The listing below must be repeated word for word, without its pictures.

DATASET SECTION ::
* * *
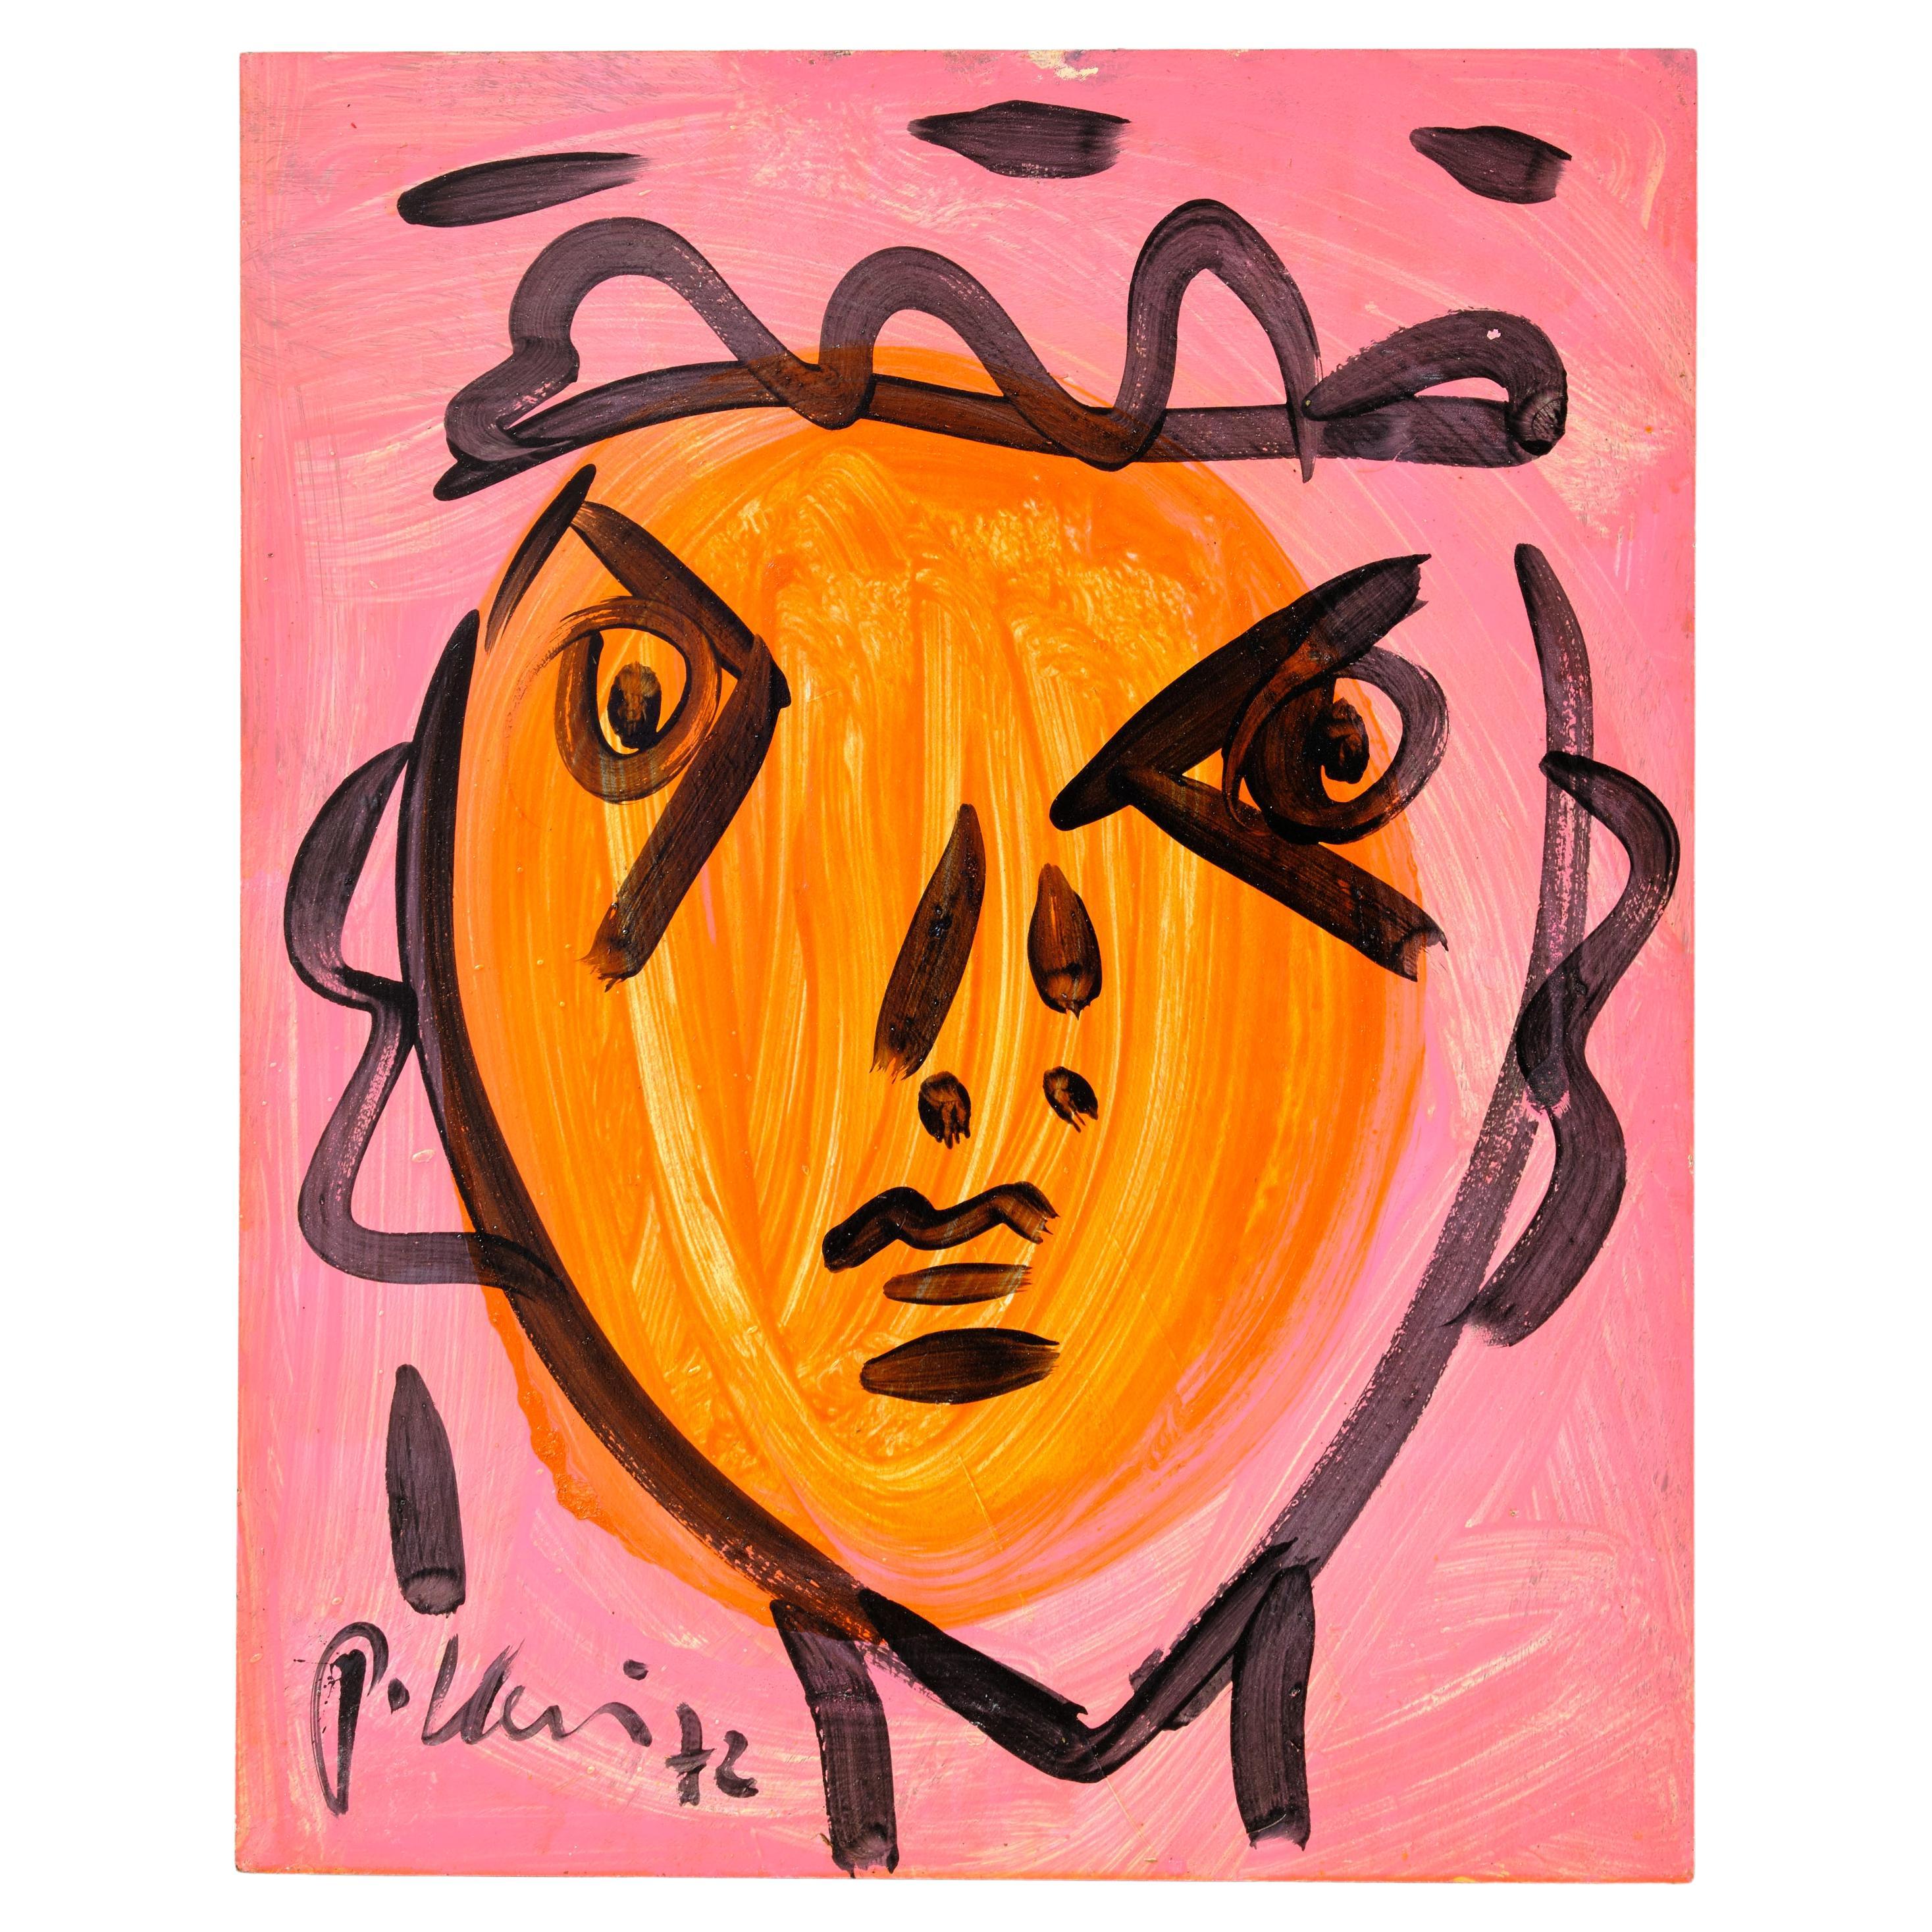 Painting by Peter Keil circa 1972 Pink and Orange Painted on Board Modern Art
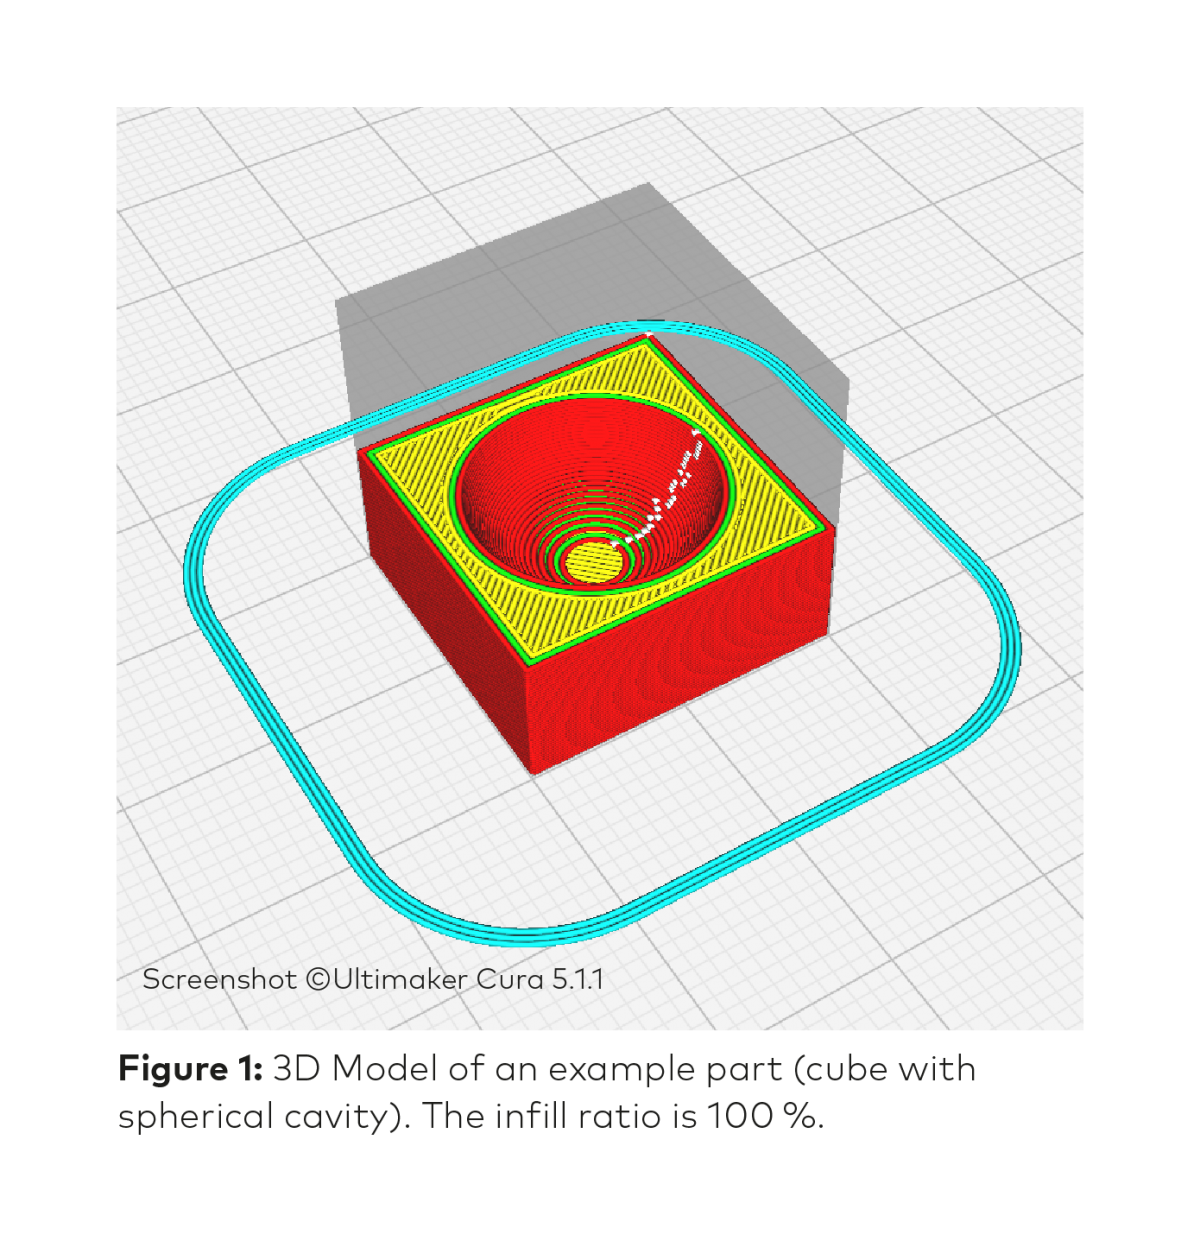 3D Model of an example part (cube with spherical cavity). The infill ratio is 100%. - ©Screenshot ©Ultimaker Cura 5.1.1
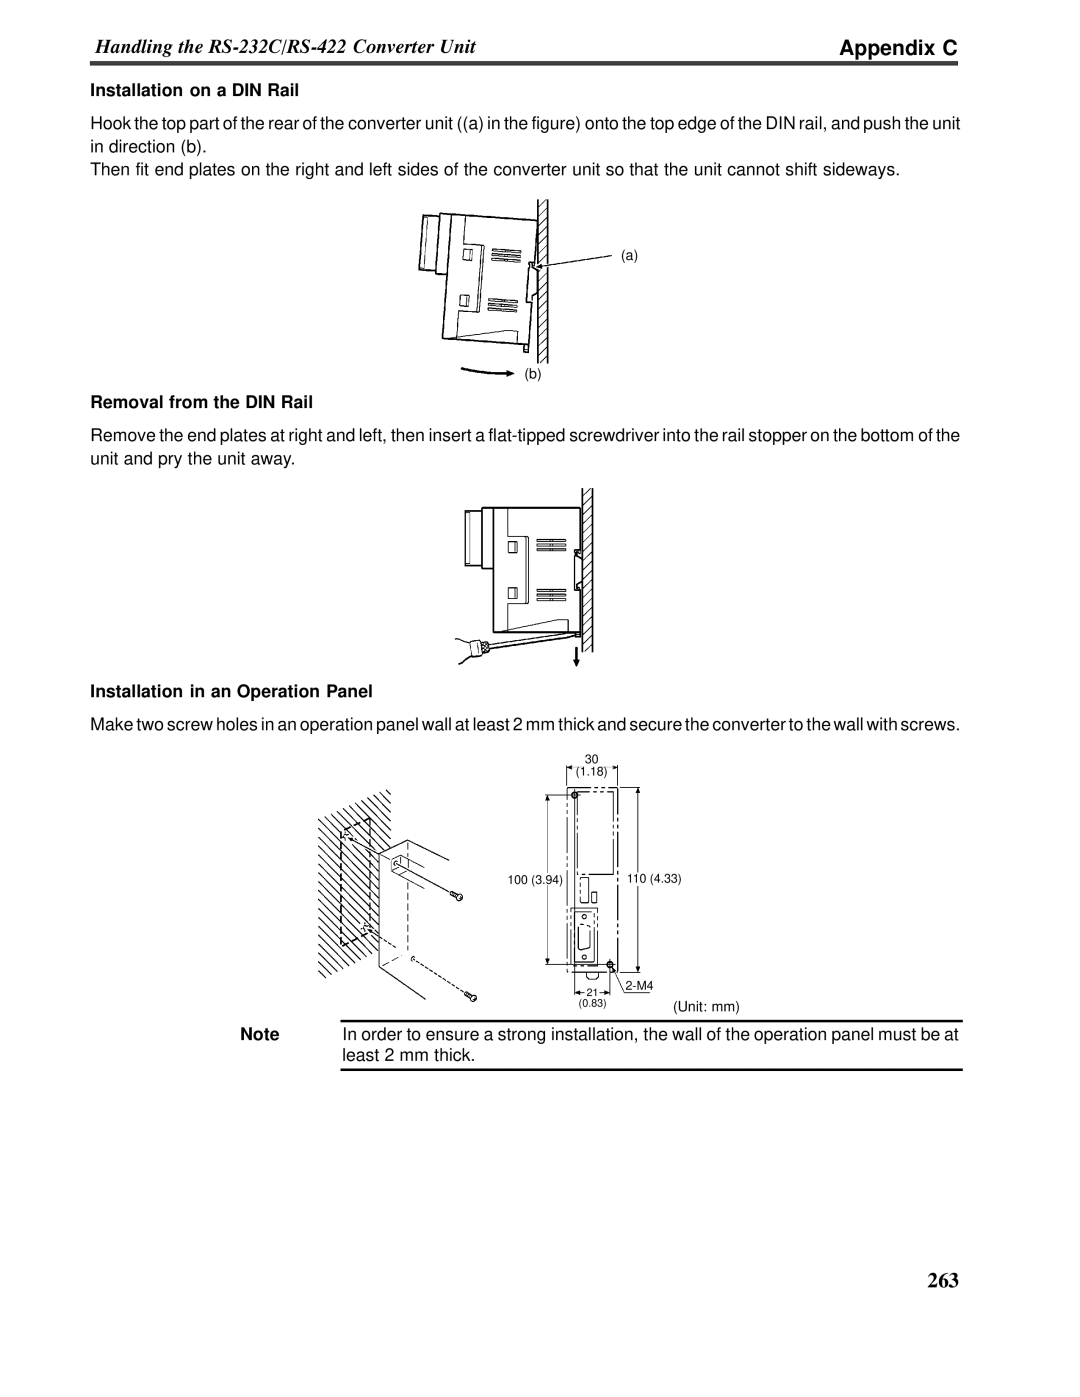 Omron V022-E3-1 operation manual #0!891, Appendix C, Installation on a DIN Rail, Removal from the DIN Rail
* * *
SOLUTION FOR THIS EXERCISE ::
 Painting by Peter Keil circa 1972 Pink and Orange Painted on Board Modern Art
 3D Model of an example part (cube with spherical cavity). The infill ratio is 100%. - ©Screenshot ©Ultimaker Cura 5.1.1
 Omron V022-E3-1 operation manual #0!891, Appendix C, Installation on a DIN Rail, Removal from the DIN Rail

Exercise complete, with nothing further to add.